By comparing the underestimated size and actual size of the droplets, the number of water molecules in the droplets that are oxidized can be calculated. Please note that the average size of the droplets from DLS measurement can contain large errors because the droplets are a polydisperse sample rather than a monodisperse. When a large particle is included in the sample, the large particle can have strong scattering and also can partly disturb the weaker scattering from the small particles. More accurate results could be obtained by using nanoparticle tracking analysis (e.g., Nanosight). If the water molecules in the 363 nm diameter (obtained from DLS) droplets react completely, a 269 pC of charge should be generated. The average charge obtained from the same sample using the electrochemical collision method was 28 pC. Comparing these two charge values, we can conclude that roughly ~10% of water molecules in the droplet were electrochemically oxidized, and the remainder were not oxidized. This result is significantly enhanced from a previous report of the 0.81% electrolysis efficiency in an electrolyte-free organic solvent [21]. Owing to the confined size of the reactor (i.e., the emulsion droplets), it is difficult to pump the reaction product out of the reactor for a continuous reaction in the droplets. If the produced charged product (e.g., protons) is not properly balanced inside the droplet, the electrolysis reaction is halted because charge neutrality inside the droplet is not maintained. The hydrophobic electrolyte anion (BF₄⁻), which permeates to the aqueous droplet from the organic electrolyte solution, promotes the electrochemical water oxidation by maintaining the charge balance.
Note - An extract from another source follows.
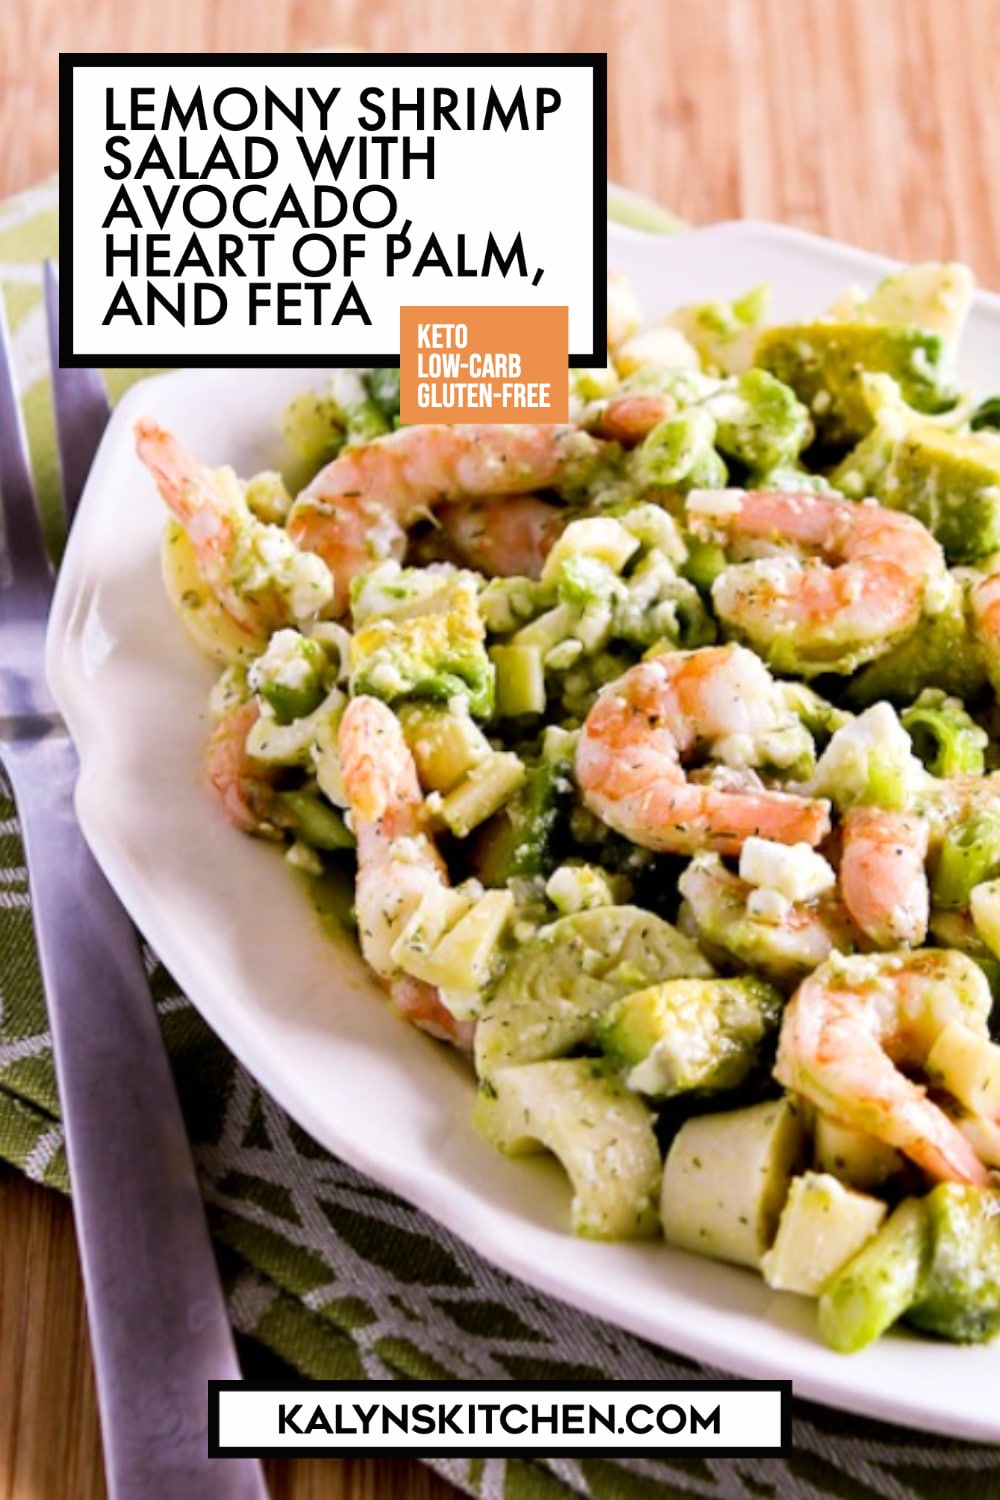 Pinterest image of Lemony Shrimp Salad with Avocado, Heart of Palm, and Feta
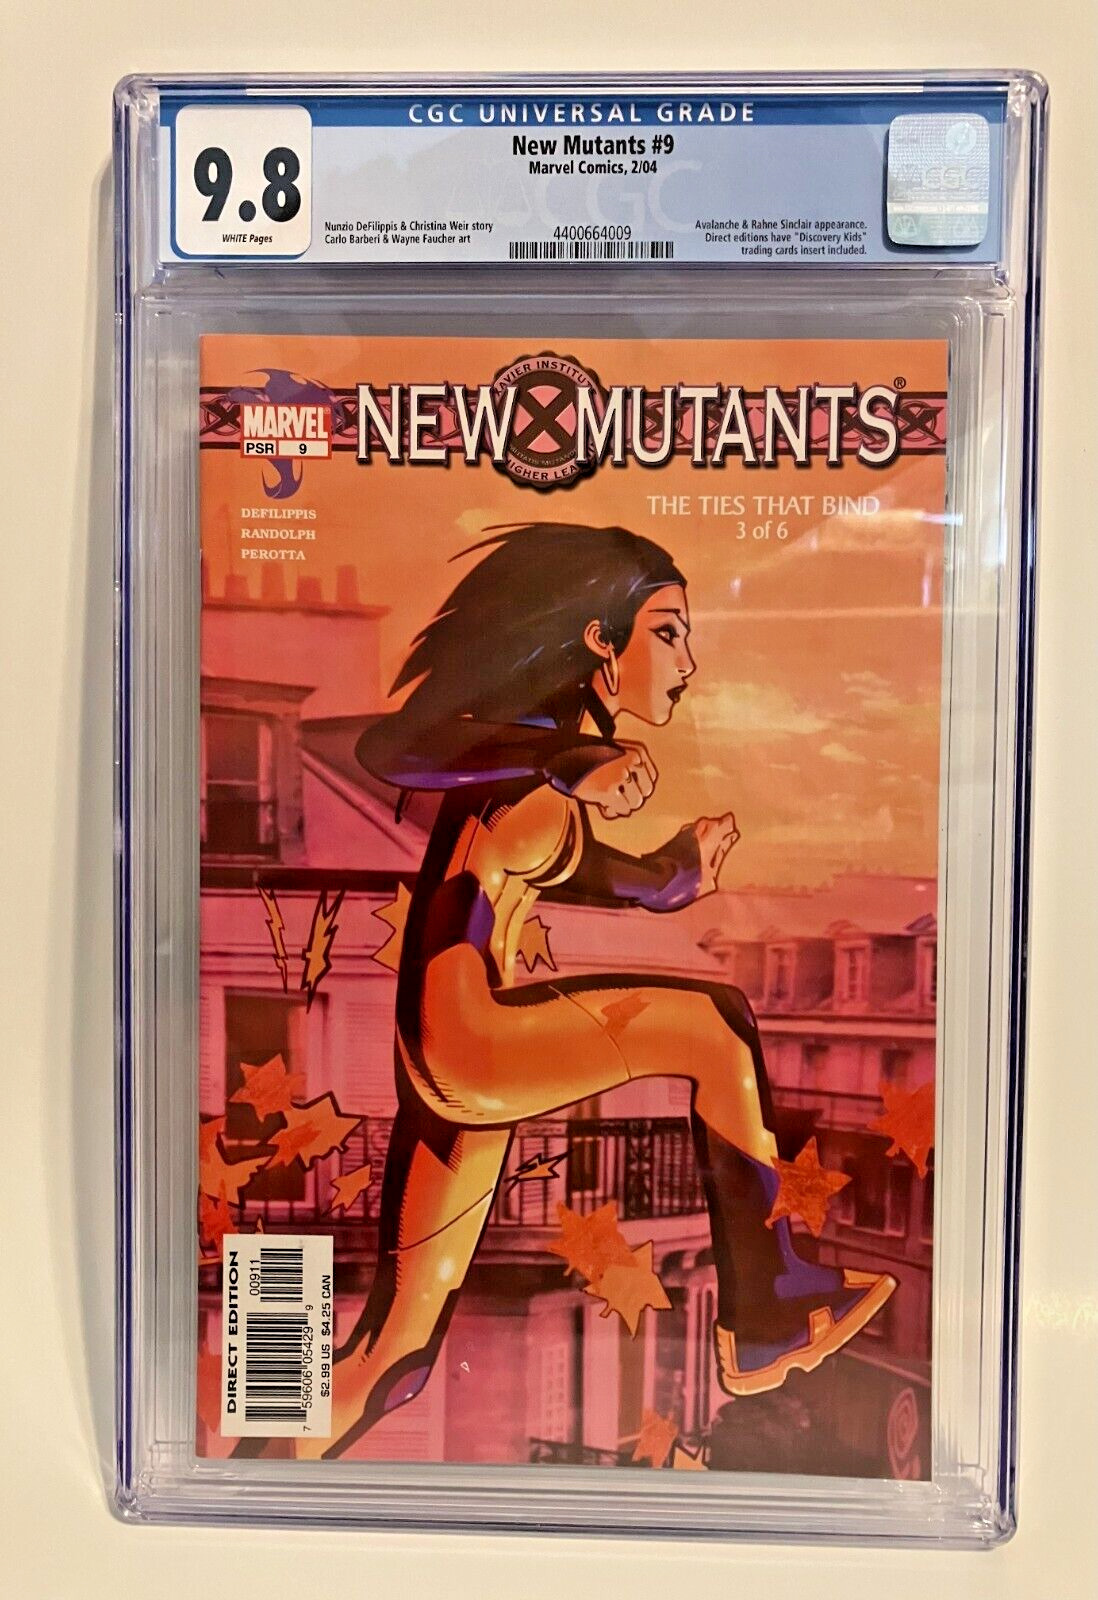 New Mutants #9 - CGC 9.8 - 2003 Series - Avalanche & Rahne Sinclair Appearance

$$2{\mathrm{H}}_2\mathrm{O}\left(\mathrm{aq}\right)+4{\mathrm{BF}}_4{}^{-}\left(\mathrm{org}\right)\begin{array}{c}\to \\ \leftarrow \end{array}{ \mathrm{O}}_2\left(\mathrm{aq}\right)+4{\mathrm{H}}^{+}\left(\mathrm{aq}\right)+4{\mathrm{BF}}_4{}^{-}\left(\mathrm{aq}\right)+4{\mathrm{e}}^{-}\hspace{1em}(\mathrm{R}2)$$

Therefore, we established efficient electrolysis conditions for surfactant-stabilized aqueous droplets in organic solvents based on an understanding of the reaction in a single entity. Using this system, we detected aqueous emulsion droplets without the addition of additional redox species. Furthermore, this principle can elevate water electrolysis efficiency under neutral conditions. In the bulk electrolysis of the water continuum, the adsorption of bubbles on the electrode surface results in a high ohmic potential drop and a large reaction overpotential. The efficient electrolysis of water emulsion droplets in an organic medium can be studied by reducing bubble adsorption on the electrode surface and controlling the hydrophobic surfactant on an organic solution.

4. Conclusions

Herein, we describe the electrochemical detection of surfactant-encapsulated aqueous droplets in organic electrolyte solutions. Previous studies on surfactant-free water droplets have utilized the direct oxidation of solvent molecules in a pure organic solution. However, in the presence of a surfactant (e.g., an emulsifier) in an organic solvent, the water molecules are not electrochemically oxidized. In our experiments, the water molecules in the emulsion droplets are electrolyzed using a hydrophobic electrolyte. Although the water oxidation partly proceeds in an electrolyte-free organic solvent (0.81%), more efficient electrolysis occurs in an organic solvent in the presence of hydrophobic electrolytes. By enhancing the electrolysis efficiency, a high signal-to-noise ratio can be obtained for the electrochemical detection of emulsion droplets. Therefore, the electrochemical detection of nano/microdroplets can be utilized in the study of electrochemical sensors. Furthermore, this principle can be applied to elevate water electrolysis efficiency under neutral conditions.